# natural miscarriage



## moonglowmama (Jan 23, 2002)

hello,
I am in the midst of my second miscarriage, third pregnancy. I have one son, born Jan. 9, 2001.

I am looking for stories from other women who have had a natural miscarriage, meaning not a D&C, but at home to miscarry. I started bleeding 5 weeks ago, then it went away. No detectable heartbeat since then (that was at 12 weeks) and an ultrasound 2 weeks ago confirmed that the baby is dead. I am now waiting to "give birth" to my baby and receiving little support and a lot of people telling me I need to just go and get the D&C and be done with it. My feeling is that this period of grieving has been beneficial to nme in many ways, and I don't want to rush the natural process. I am feeling anxious for it to happen, however, and very ready, emotionally and physically. I feel I have grieved all I can for now and can't do much more until the baby is out.

My midwife has been really great to me, very encouraging, loving. I just think it would be helpful to me to "meet" other women who understand where I'm at.

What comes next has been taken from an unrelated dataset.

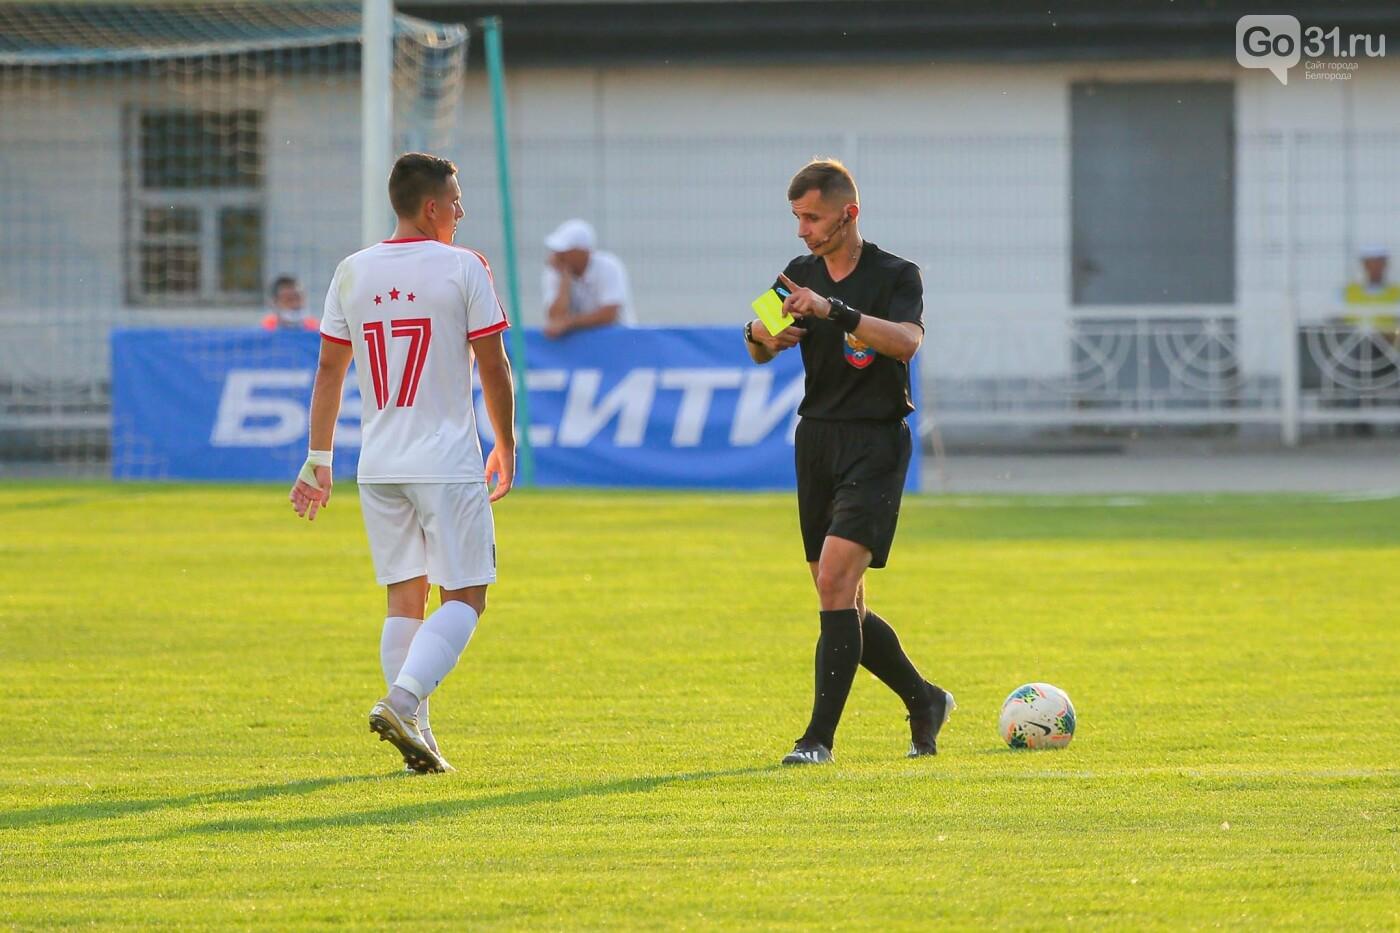 «Салют Белгород»: третья победа подряд, фото-23, Фото: Антон Вергун

Also, a side note, I miscarried three years ago and was rushed to get a D&C by my ob/gyn, who treated me like I was in an emergency situation and the grieving process was horrendous, in some ways I grieve over that miscarriage more that this one, I think exactly because of the way it was rushed. That is much of the reason I am choosing to miscarry naturally.

Love to all of you who are grieving,
Sarah, mama to Thomas, my little moonglow


----------



## Ms. Mom (Nov 18, 2001)

Sarah,

I'm so glad your hear at Mothering. What a tragic and difficult loss your going through. I want to offer my loving support to you. Feel free to reach out hear.

Though my miscarriages were very early on and quite complete, I can't relate to what your going though. I did have a stillborn child and it took over a week to deliver her. So many people were saying "why don't they just do a C-Section and get it over with". Her birth was the last gift I had to give her, and it was very healing to have been able to do so.

Are you getting any support at home? from friends or family? It sounds like you have a wonderful midwife and I'm releived that you have that.

My only suggestion would be to care for yourself. Make sure your eating well and keeping hydrated. If you feel feaverish or have flue like symptoms, please check into it as it could be a sign of infection. This is a time when you and your body are very volnerable.

How is your son? Are you able to greive with him present?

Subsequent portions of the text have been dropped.